Только Селим меня щадил. Он продолжал рисовать, рука до сих пор не подводила его, и работалось ему все лучше и лучше. Казалось, вся сила, покинувшая его немощные ноги, досталась правой руке. Работал Селим совершенно бесшумно, в болтовне коллег участия не принимал – он говорил, что сам пророк взирает на его труды. Он единственный из всех молился по пять раз на дню. Ему было все труднее опускаться на колени, а ритуальные обмывания он мог выполнять только с моей помощью.
Селим был не столь безумен, как другие, более иных искусен в нашем мастерстве и чрезвычайно набожен. Я до сих пор слышу, как молитвы скользят вдоль его блестящей бороды: он читает хадис, и пальцы его мерно двигаются при каждом слоге. Старый каллиграф полагал, что единство слова и руки приближает его к Аллаху. Он любил меня наставлять, велел не сходить с пути праведного и стремиться к божественному свету. Селим говорил, и слова его хлестали мне прямо в лицо. Жесткая льняная туника источала дух его веры, аромат мученичества.

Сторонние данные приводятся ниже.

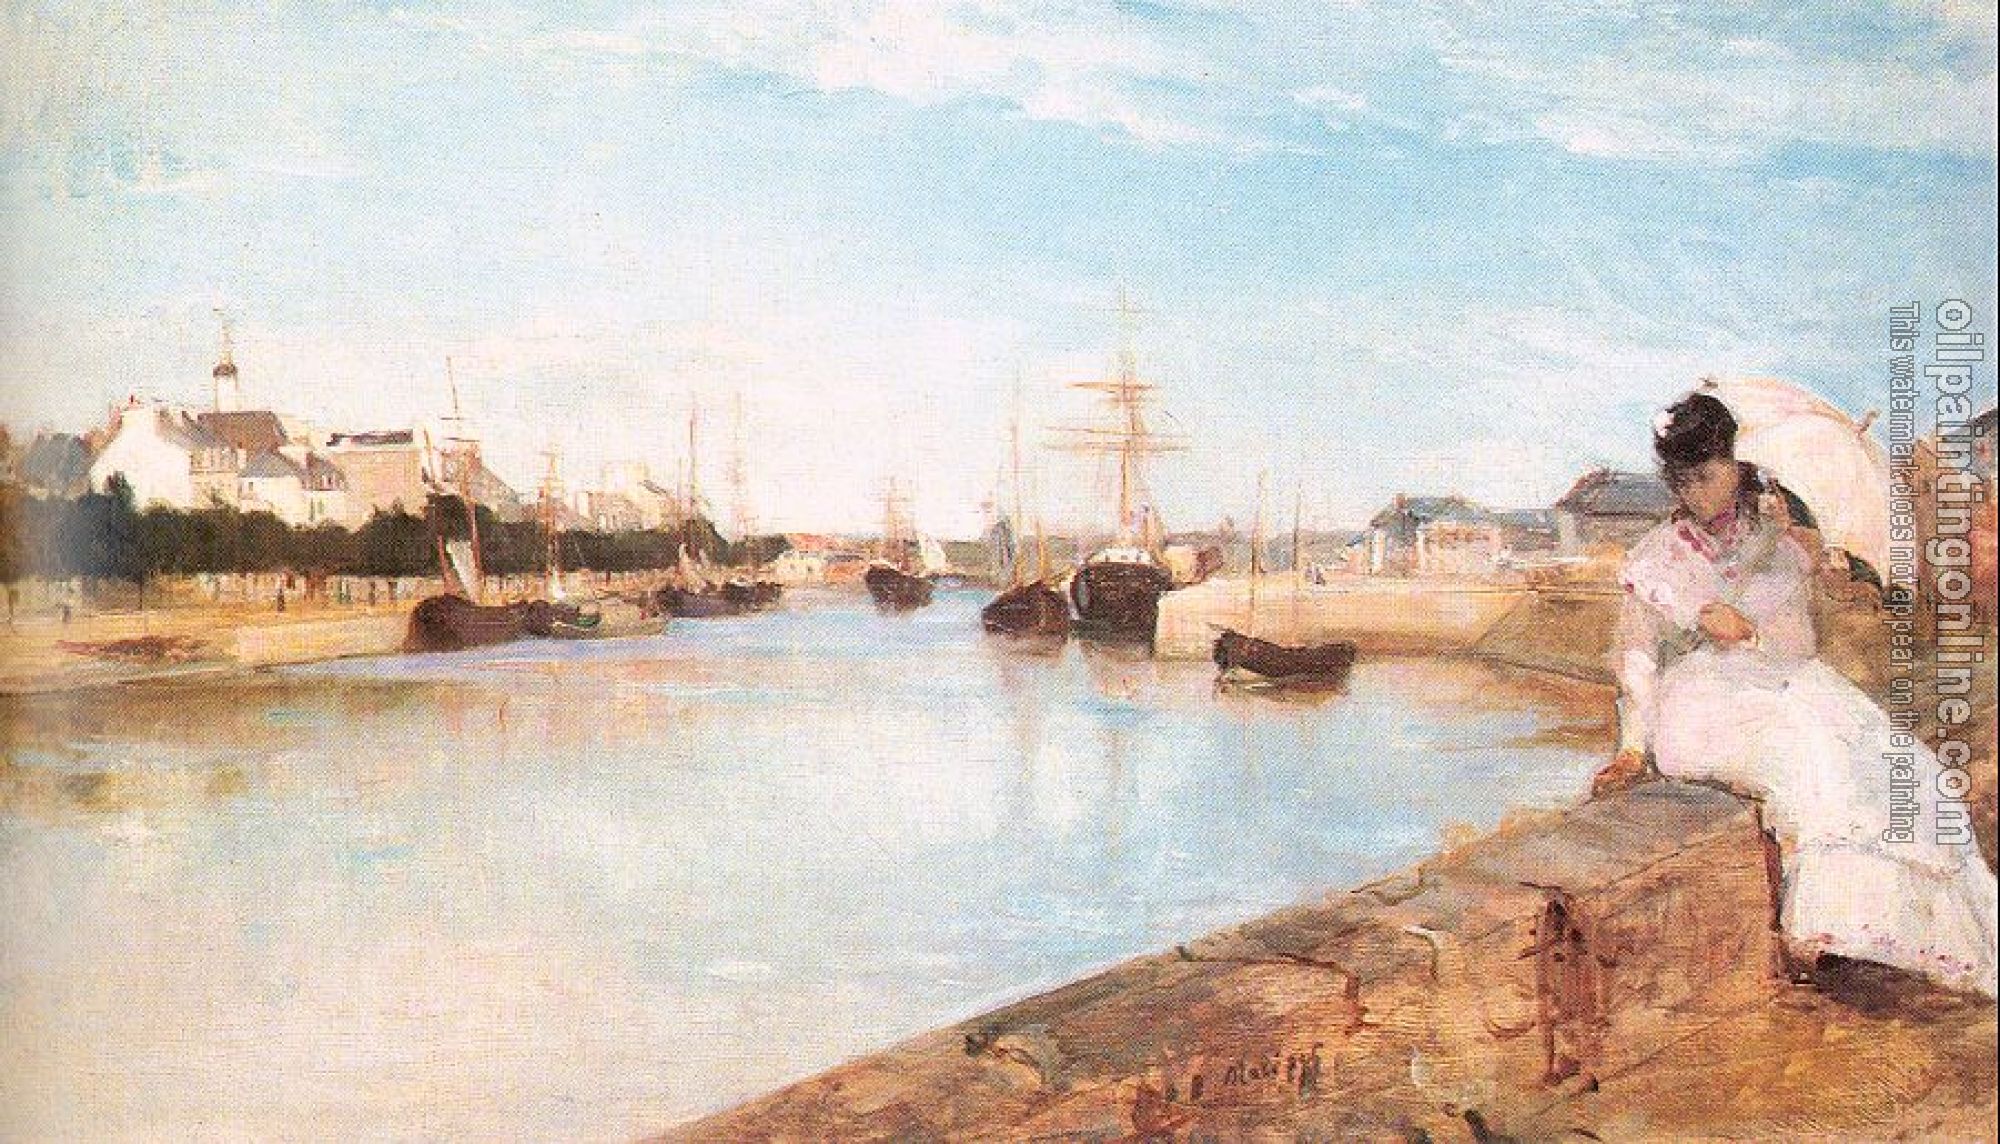 Morisot, Berthe - The Harbor at Lorient

Собратья Селима предпочли бы, чтобы он гнил в приюте для умалишенных, называли его лжепророком. Их злословие совершенно его не задевало. Он осуждающе смотрел на них пронзительными черными глазами и говорил, что все они верблюжьи ублюдки. Я без особого успеха пыталась успокоить самых агрессивных, умоляя их вернуться к работе. Они оставляли Селима в покое и принимались за свои фокусы. Старый Али демонстрировал мне девственно чистые страницы, бессвязно и многословно описывая то, что якобы на них изображено, пускаясь в пространные объяснения технического воплощения несуществующих орнаментов. Я с воодушевлением нахваливала его вымышленный труд. Мое доброе отношение еще более его вдохновляло, он превозносил свои неподвластные времени таланты и просил поклясться, что я не раскрою другим его профессиональные тайны, «потому что все кругом – жулики, ворующие чужие идеи».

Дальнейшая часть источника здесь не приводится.